Sie klingen verbittert?
Ich stelle fest, was Sache ist. Welcher Politiker hat je Zoderer gelesen? Ja vielleicht der Durnwalder, weil ich im Roman sein Schwammerlgesetz komödiantisch verarbeitet habe. Ich war hier in Südtirol immer ein Tabu. „Die Walsche“ war wochenlang auf der deutschen Bestenliste. Als das Buch 1982 herauskam, bin ich mit Thomas Bernhard drei Wochen in den Wald zum Holzhacken gegangen. Ich habe überall in Deutschland, Österreich und der Schweiz gelesen.
In Südtirol bekamen Sie 2005 den Walther-von-der-Vogelweide-Preis.
Südtirol ist zu 90 Prozent ein Bauernland. Silvius Magnago hat ja einmal öffentlich gesagt, dass „Die Walsche“ – er meinte wohl die Romanverfilmung, denn das Buch hat er sicher nicht gelesen – grauslich sei, weil da einer in Unterhosen herumrennt. Also das war alles, was Magnago zu Zoderer einfiel. In Südtirol sind die Künstler unten durch. Wäre ich in Wien, könnte ich mich dort mit einem Robert Menasse treffen und an den Sitzungen der Akademie für Literatur teilnehmen. Das ist hier nicht möglich, aber bitte, ich will mich nicht beschweren. Was ich aber nicht gelten lasse, ist die Anschuldigung, dass ich still geworden sein soll. In den vergangenen acht Jahren habe ich fünf Bücher herausgebracht. Wer schreibt so viel wie ich? Wenn hierzulande so wenig Interesse für Hochkultur herrscht, kann ich nichts dafür. Ich wette, dass die meisten Südtiroler Lehrerinnen nie ein Buch von mir in die Hand genommen haben, aber wenn man sie auf Zoderer anspricht, sagen sie, ach ja, das ist der, der sagt, dass die Bauern Landesverräter sind.

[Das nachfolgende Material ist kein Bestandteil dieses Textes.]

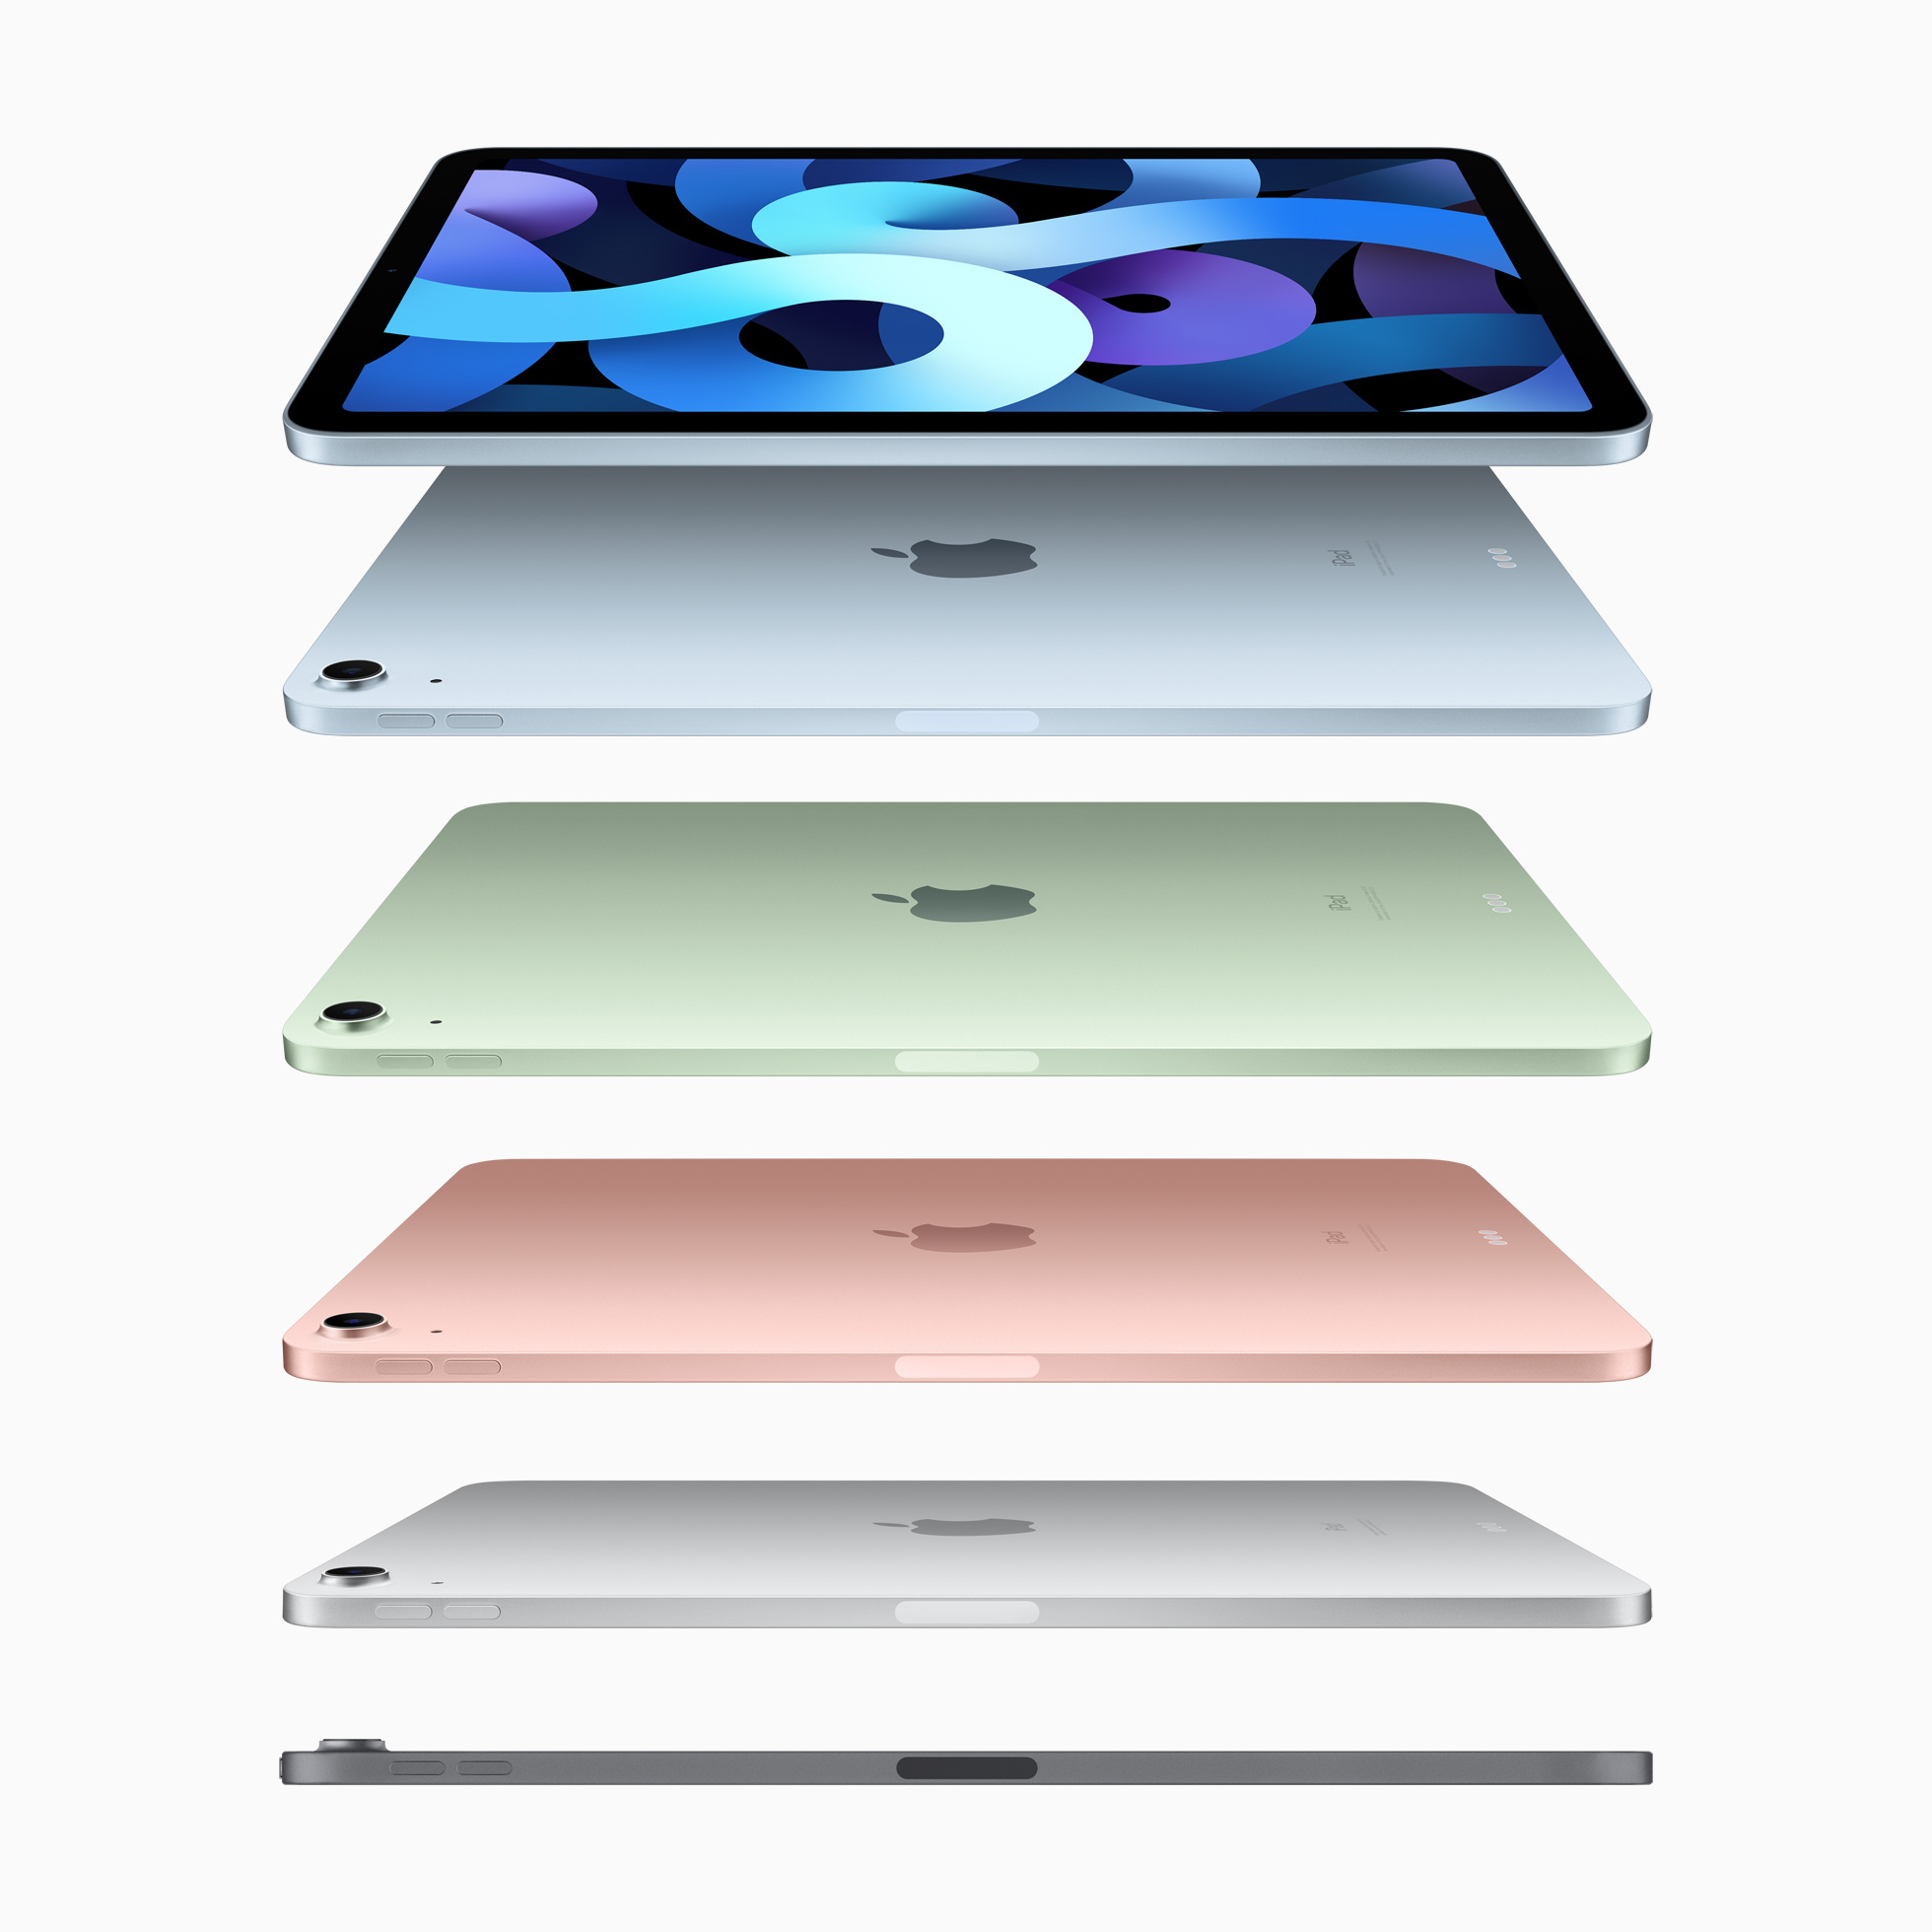 Apple's iPad Air

Sie glauben, nicht verstanden zu werden?
Ich habe mich immer dagegen gewehrt, von Reimmichl-Anhängern gelesen zu werden. Ich wollte mit der Weltliteratur auf Augenhöhe sein.
Ihr lautester Roman war aber „Die Walsche“, erschienen vor 38 Jahren.
Und wissen Sie, warum man diesen Roman als laut empfunden hat? Weil es die Journalisten freut, wenn sie eine Geschichte verstehen und leicht nacherzählen können. In „Die Walsche“ geht es vordergründig um eine allgemeingültige Kausa. Aber da ist dann auch die Sprache, die Einsamkeit. Diese Themen sind in „Schmerz der Gewöhnung“ viel stärker entwickelt. „Die Walsche“ war mein Durchbruch, das ist richtig. Aber schon früher war das „Glück beim Händewaschen“ erschienen, leider bei einem kleinen Verlag, weshalb das Buch lange Zeit nicht so erfolgreich war.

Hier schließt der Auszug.